HOLLYWOOD VERSUS THE AUTHOR by Stephen Jay Schwartz (editor)

Perhaps not of interest to all of you, but certainly to anyone who ever dreamed about selling a script or book to Hollywood.

Yes indeed, there are many horror stories presented here by a wide range of novelists and script writers who saw their work butchered and, in a worrying number of cases, outright ripped-off.

One particular case revolves around the film Gravity, which the director claimed to be an original idea of his own, until it turned out he had consulted on an adaptation of a novel some years before which had exactly the same story and which saw the author struggling to gain recognition and recompense for the theft of her story. Cue the attack lawyers.

But they aren’t all bad experiences.
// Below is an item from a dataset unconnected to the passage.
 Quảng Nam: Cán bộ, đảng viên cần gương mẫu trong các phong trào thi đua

There are stories of success against the odds, and one particularly illuminating essay by a novelist who had both pitched scripts and been the person pitched to. Not essential unless you're a writer, but if you are, you owe it to yourself to check this out.
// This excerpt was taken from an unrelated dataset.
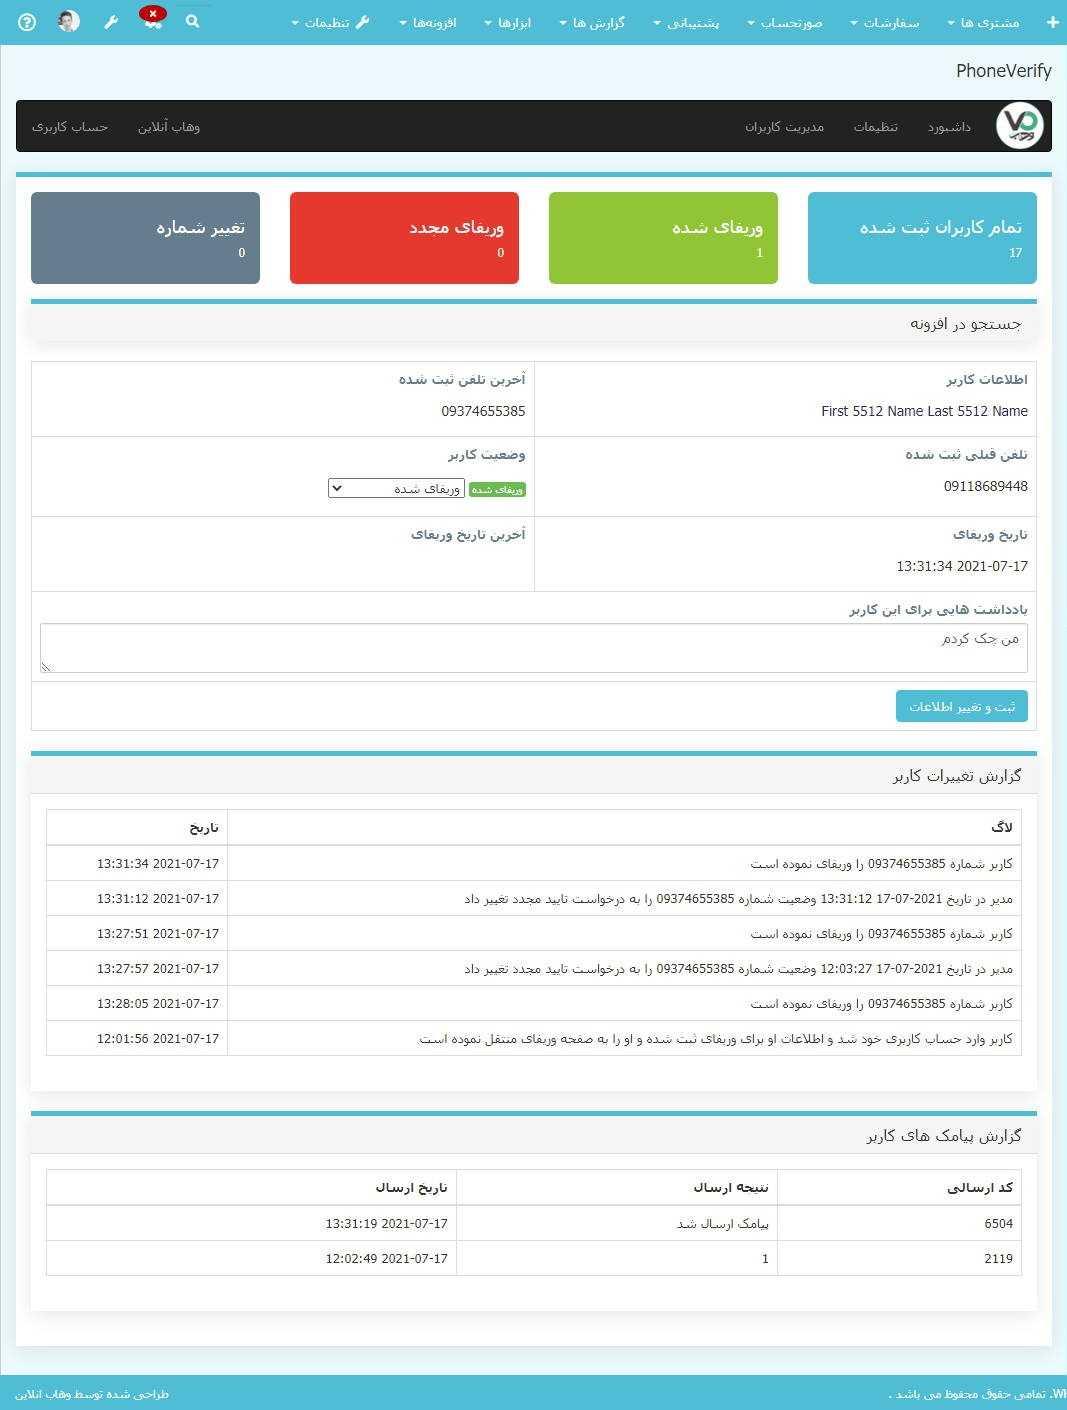 ارائه گزارش کامل در مدیریت کاربر

THE KING AT THE END OF THE WORLD by Arthur Phillips

I'm not normally one for historical fiction, but something about this caught my eye, particularly the title and then the intriguing setup.

The story is of a Turkish doctor sent with a diplomatic mission to the court of Queen Elizabeth the 1st, unaware of the Machiavellian scheming of the powerful man who sent him far away so he could steal both the doctor’s wife and his home back in Constantinople.

 Once in London, he befriends Dr. John Dee and is otherwise quite horrified by the cold, wet, miserable and generally backwards and ignorant England of the time. So naturally he’s even more horrified when he finds himself 'gifted' against his will to the court of Queen Liz. 

Later – much later – after having gone through a forced Christian conversion, he finds himself caught up yet further in the machinations of the court once it becomes clear that Queen Elizabeth is ailing and the nearest and most likely heir to the throne is King James the sixth of Scotland.

There's just one catch: the Scotland of the time is still largely a Catholic country, and England is still licking her wounds from a conflict that saw it torn apart by religious divisions. 

So the doctor is taken under the wings of a spy master who has only one overriding question he wants the doctor, as a relative outsider, to answer: is King James truly a Protestant as he claims, or is he secretly a Catholic who will bring back the worst excesses of the past as soon as he becomes King of both Scotland and England?

And so the doctor must travel north to Edinburgh, there to attempt to win the confidence of the King, and then to find an answer to that single question: to which church does James truly owe his allegiance?

What you get is a twisty, historical spy thriller of games within games and hidden intentions seen through the eyes of a man to whom Britain is a strange, frequently incomprehensible and entirely foreign country. A fascinating and absorbing read.

That's it for this time. Have a great New Year.